* **Assignment**
For the data below, transcribe the part that opens with the line containing "A beautifully crafted, antique" and closes with the line containing "Symbolically, the crescent", exactly and with no pictures.

* **Supplied data**

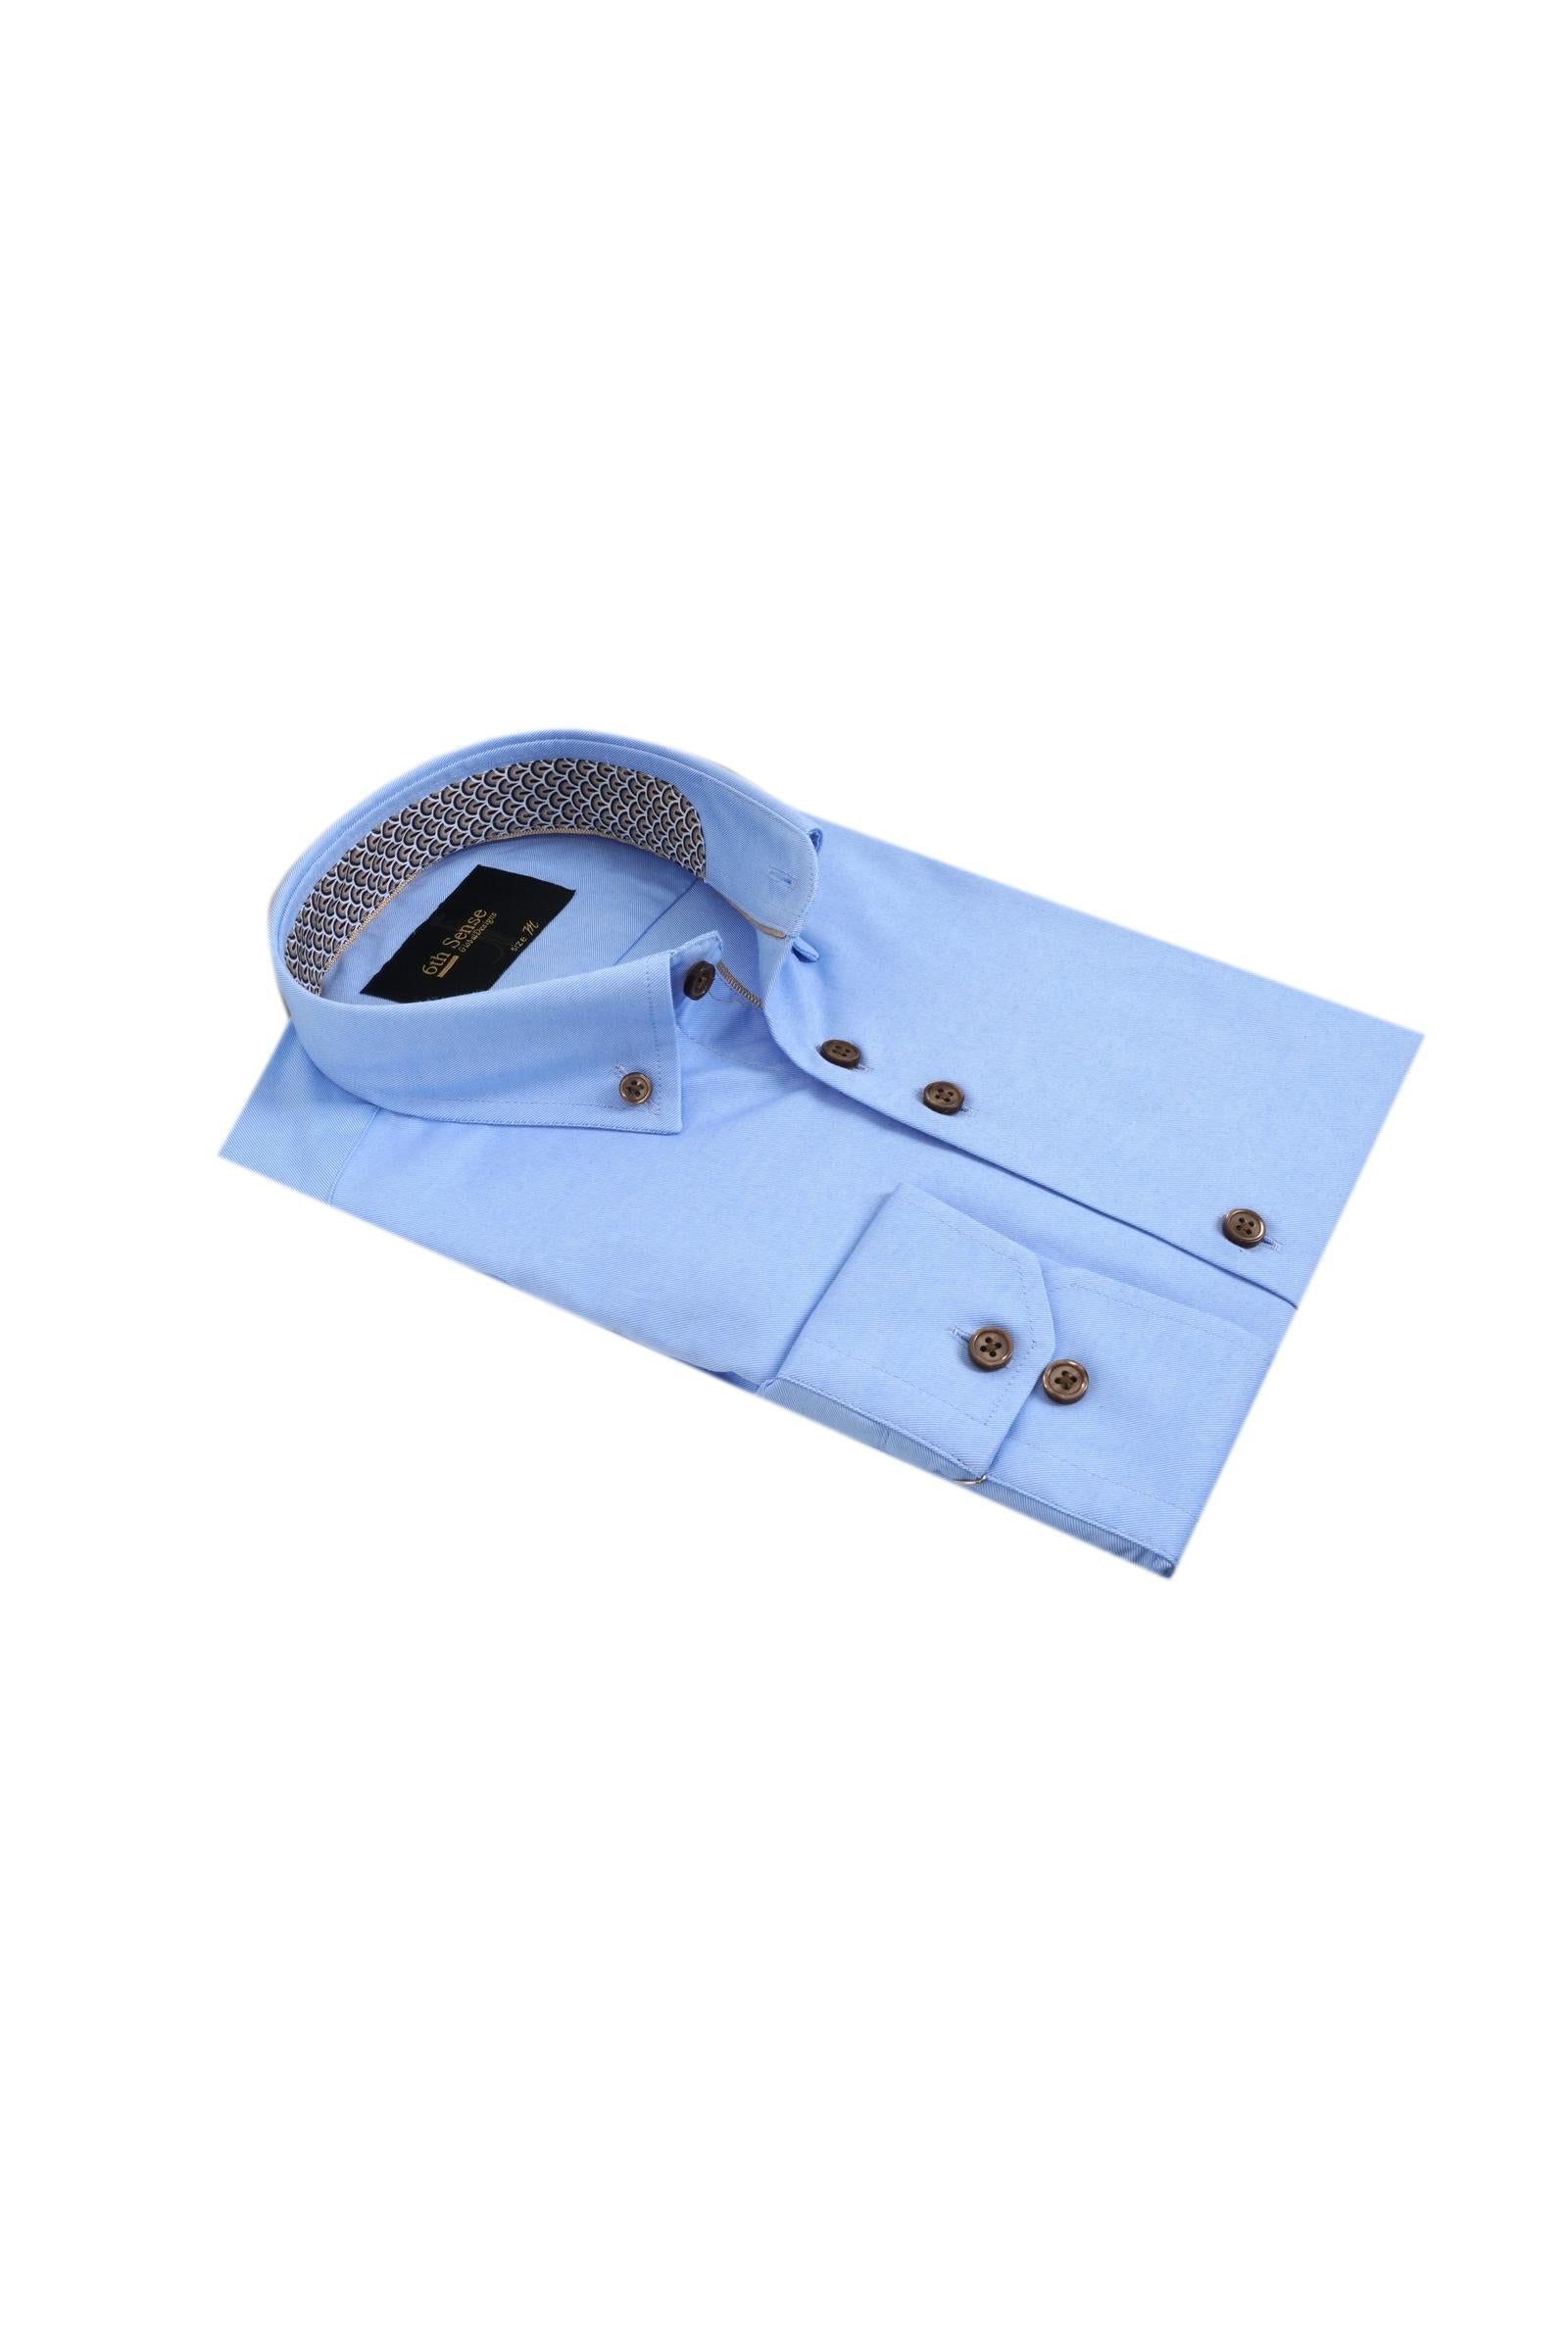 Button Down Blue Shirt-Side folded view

--

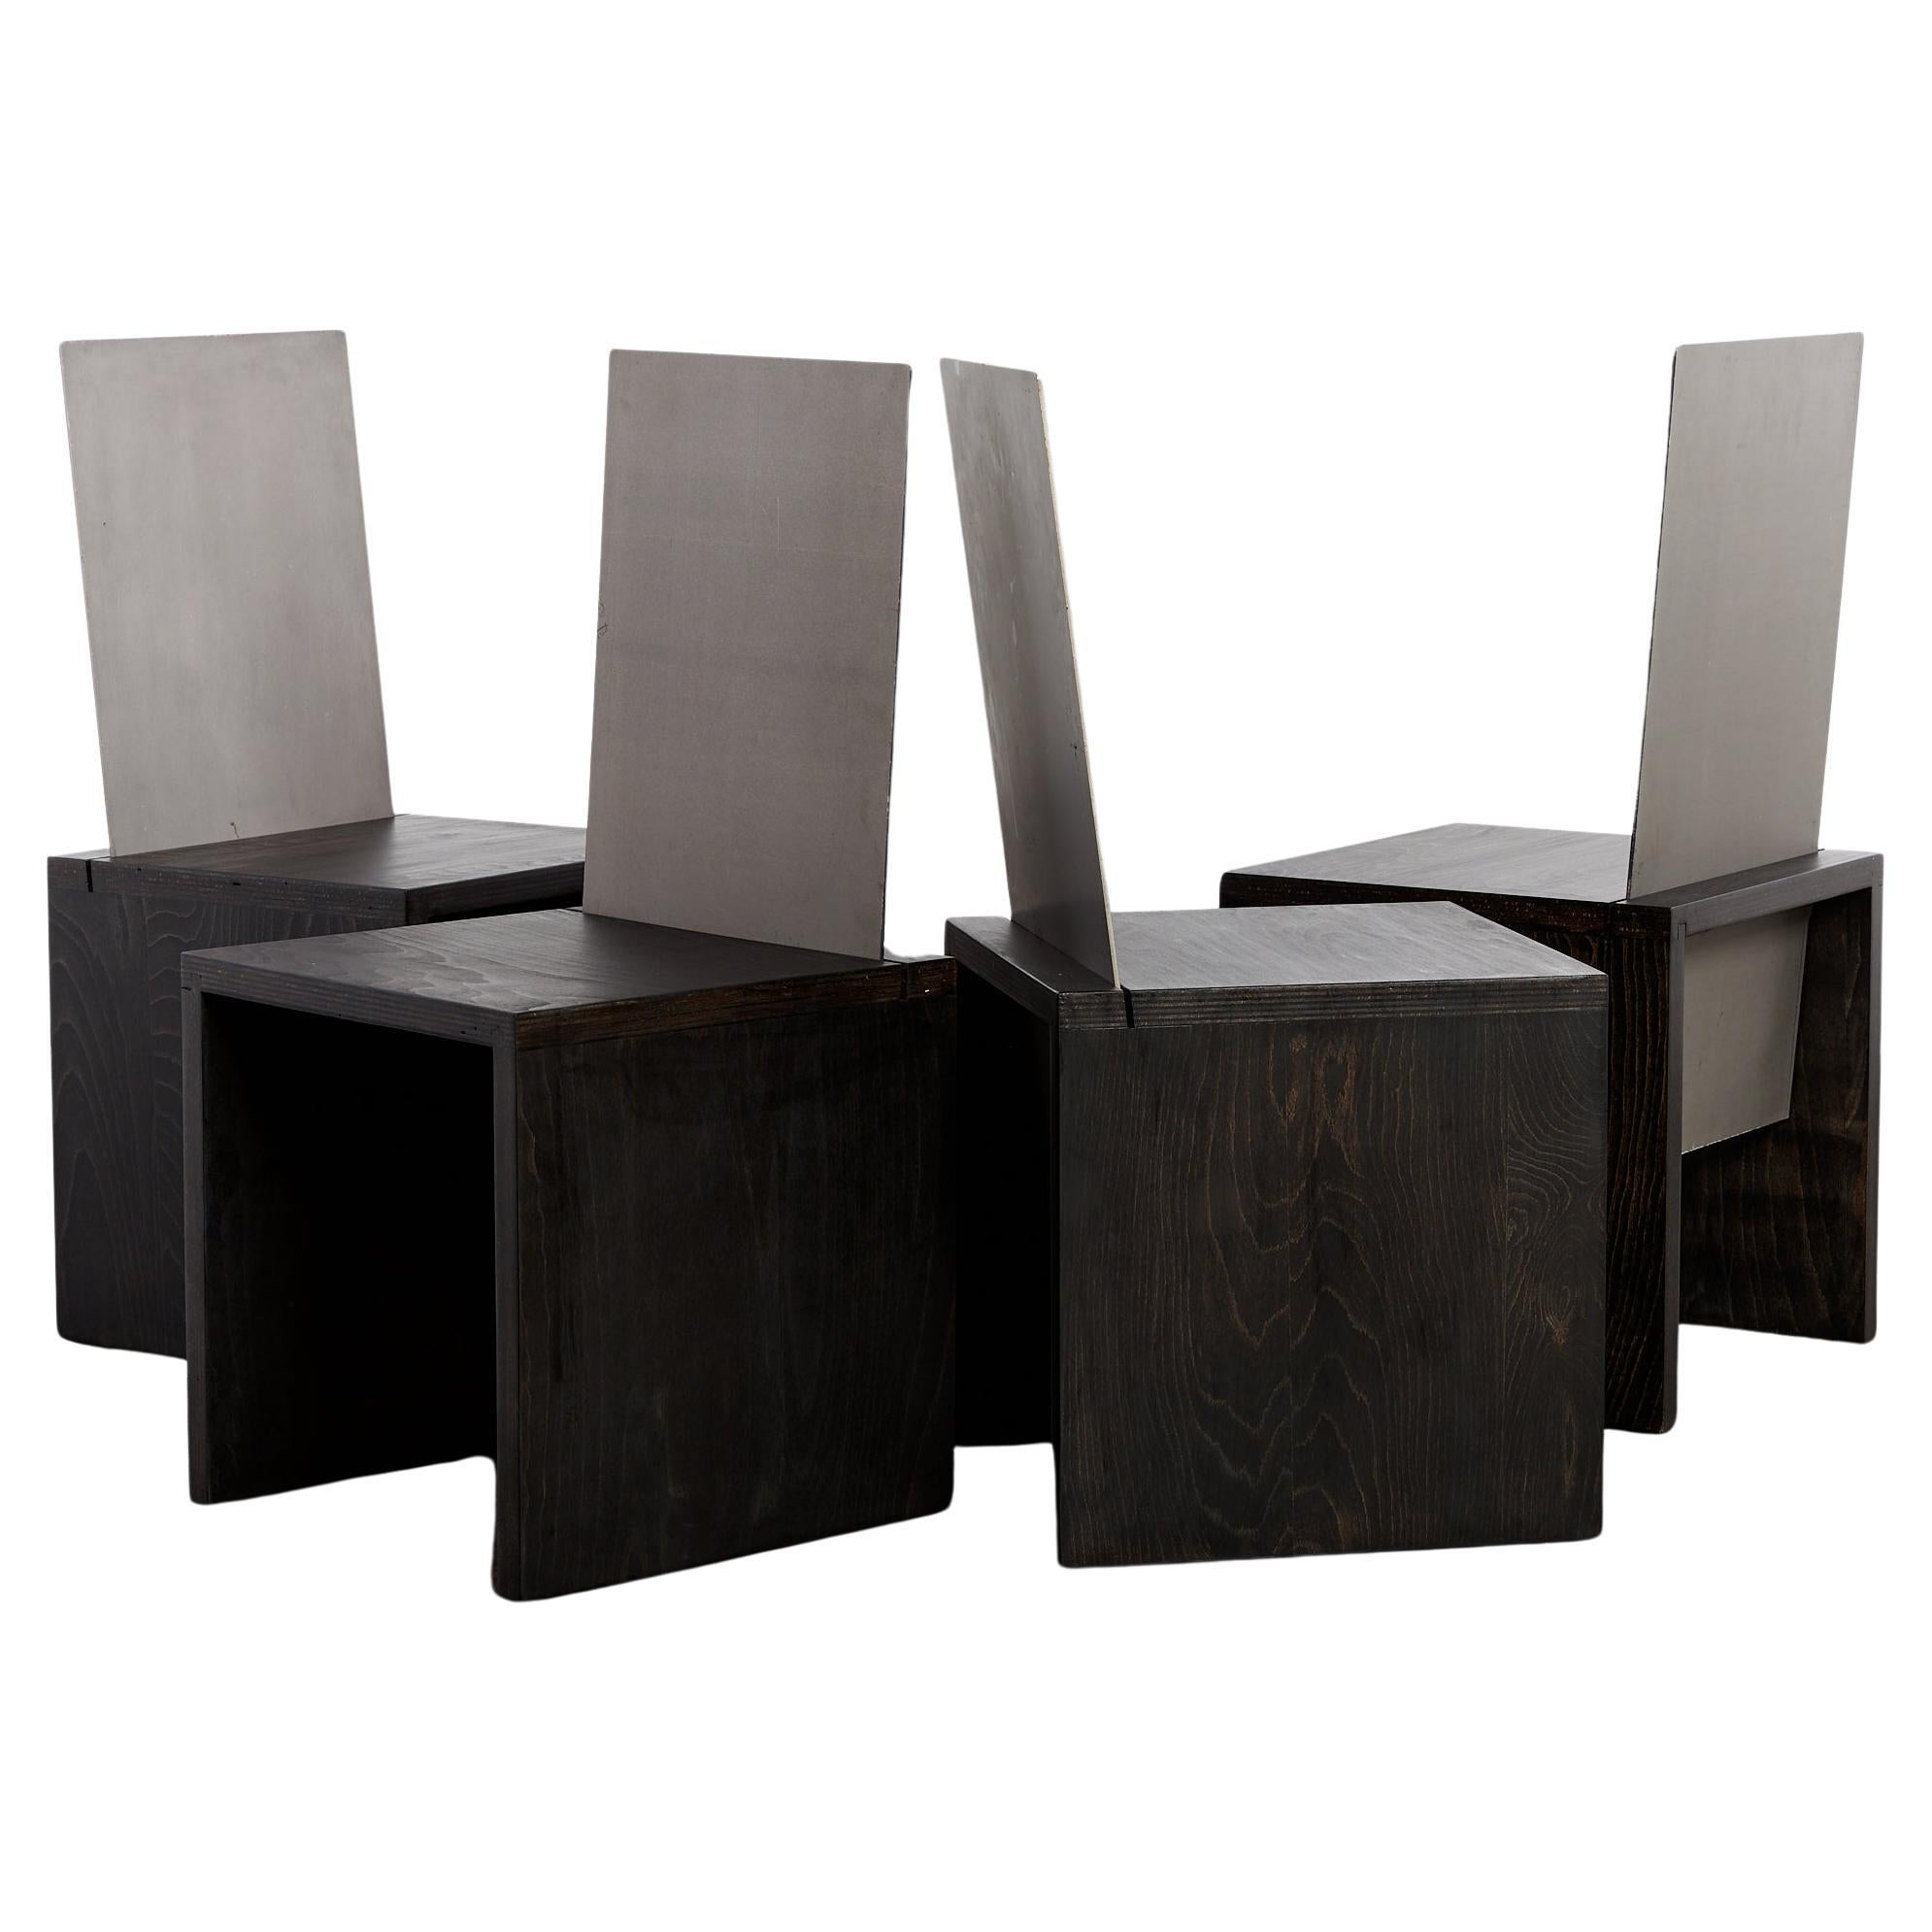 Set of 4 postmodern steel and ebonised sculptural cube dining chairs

==

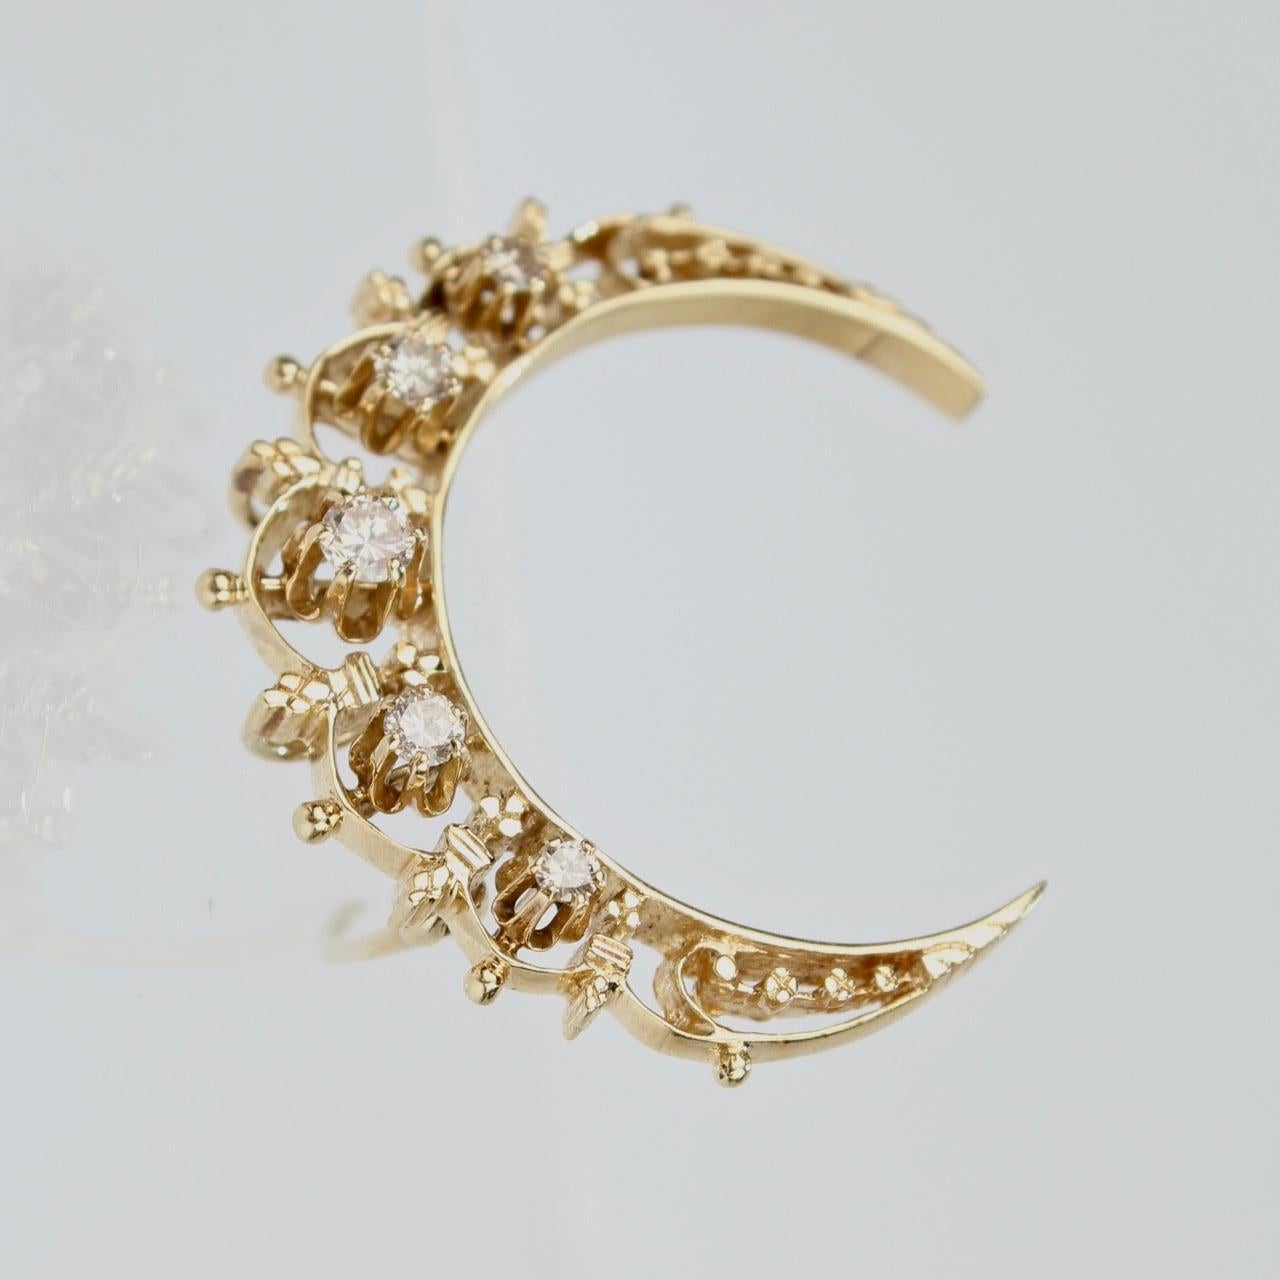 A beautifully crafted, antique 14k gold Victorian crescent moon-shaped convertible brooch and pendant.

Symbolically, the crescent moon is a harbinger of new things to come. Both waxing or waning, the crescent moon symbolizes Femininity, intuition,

* **Response to the task**
 A beautifully crafted, antique 14k gold Victorian crescent moon-shaped convertible brooch and pendant.

Symbolically, the crescent moon is a harbinger of new things to come. Both waxing or waning, the crescent moon symbolizes Femininity, intuition,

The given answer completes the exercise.